Building HPC-Ready Data Centers: Cooling Thresholds, Hybrid Design, and SLAs
A panel discussion from the HPC Summit featuring Mark Langford, Regional Technical Director, STULZ, and Indrama YM Purba, CEO, NeutraDC Nxera Batam. Moderated by Paul Mah and hosted by James Loggie, WMedia
AI and HPC workloads are rewriting the rules of data center design in APAC — from rack densities and floor loading to cooling architecture and SLAs. In this HPC Summit panel, STULZ's Mark Langford and NeutraDC Nxera Batam's Indrama YM Purba share a manufacturer's and an operator's perspective on what it really takes to build facilities ready for the next wave of density.

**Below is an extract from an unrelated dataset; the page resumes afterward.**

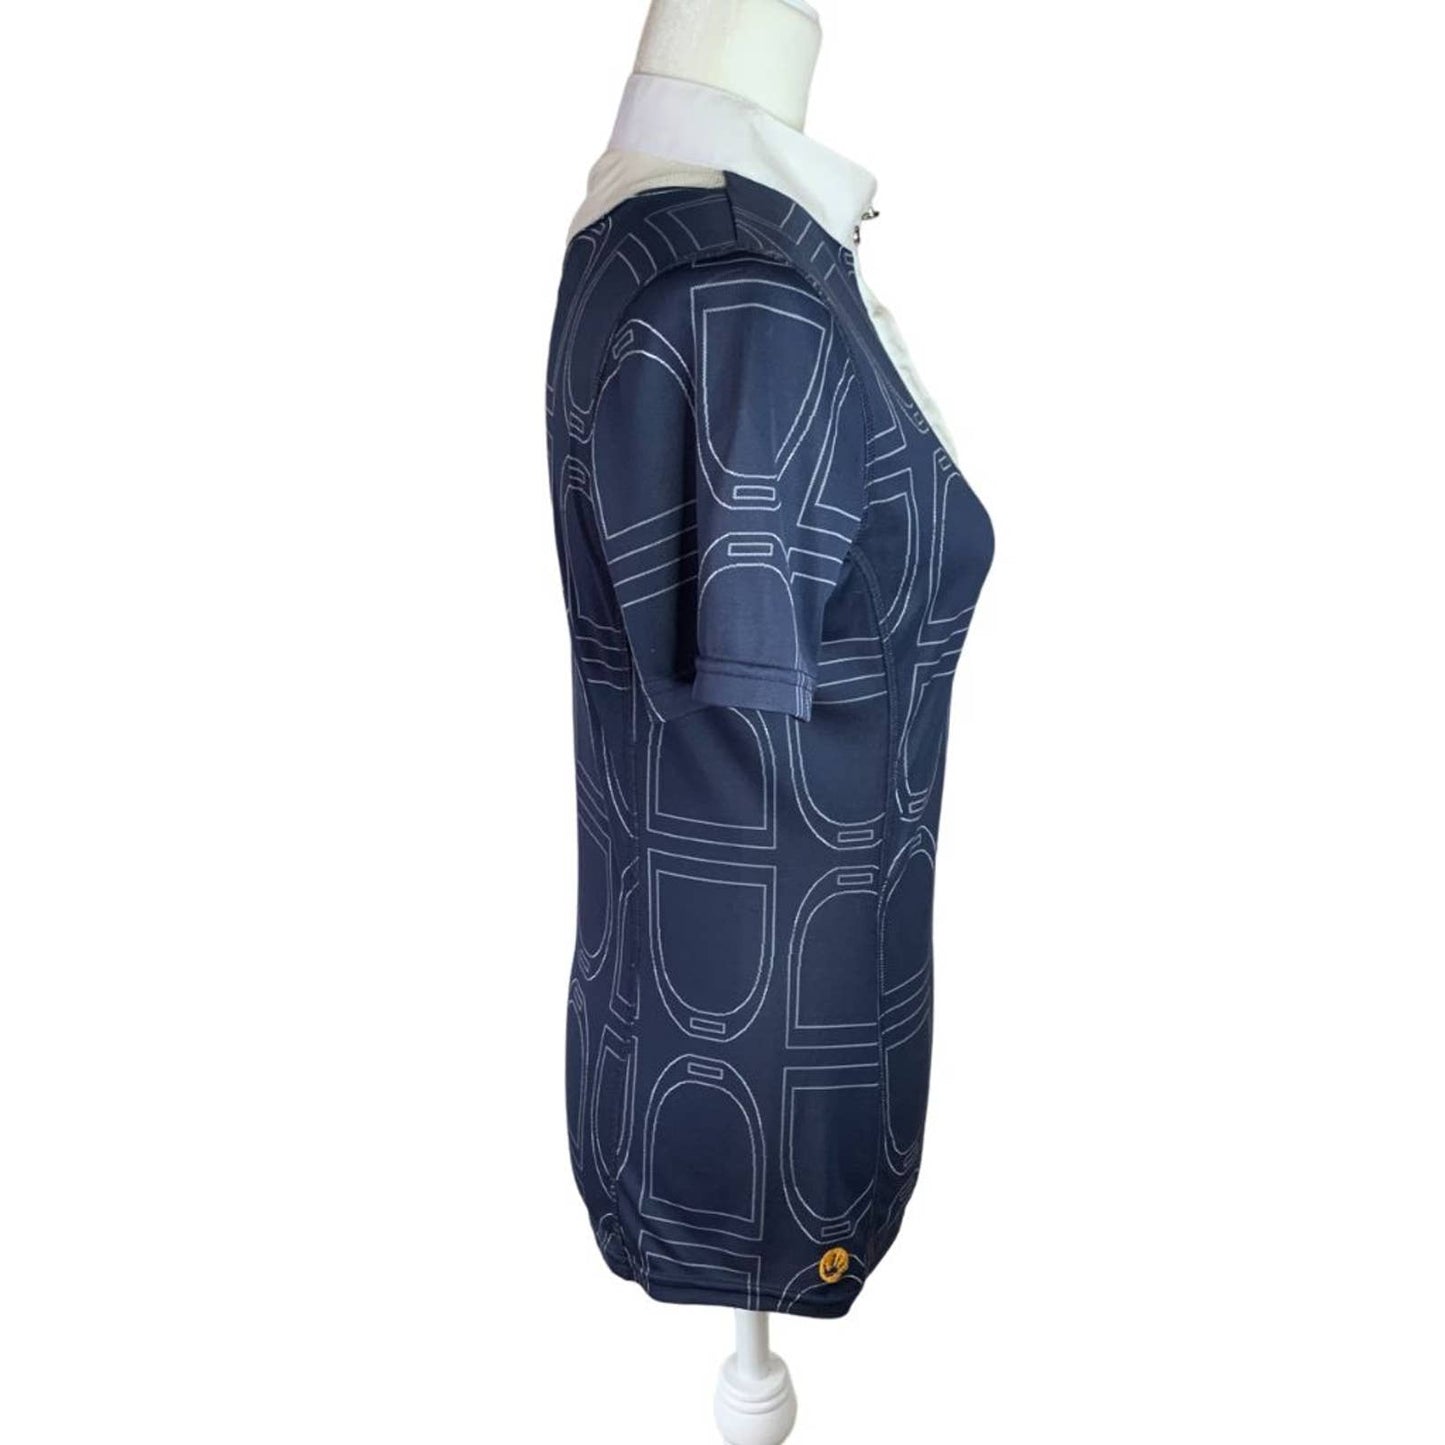 Cavallo Show Shirt in Navy - Woman's 10

Can you each introduce yourselves for those who may not be familiar?
Indrama YM Purba (NeutraDC): My name is Indrama, I'm the CEO of NeutraDC Nxera Batam. It is a joint venture between Telkom, through NeutraDC, and SingTel, through Nxera. The other stakeholder is Medco Power, which is our partner providing solar panels and renewable energy in Batam.
Mark Langford (STULZ): My name is Mark Langford. I am based here in Singapore, and I've recently taken up the role of Regional Technical Director for STULZ. For those who may not be familiar with STULZ, we are a German-based global manufacturer of precision cooling equipment. It's been very much a rollercoaster ride over the years — starting out with CRAC and CRAH, and where we are today. I've been in the industry for probably too long, but it's one of those things — a bit like Hotel California, you can check out, but you never leave. It's a great place to be, and I'm really enjoying the rollercoaster ride. I'm not ready to get off yet.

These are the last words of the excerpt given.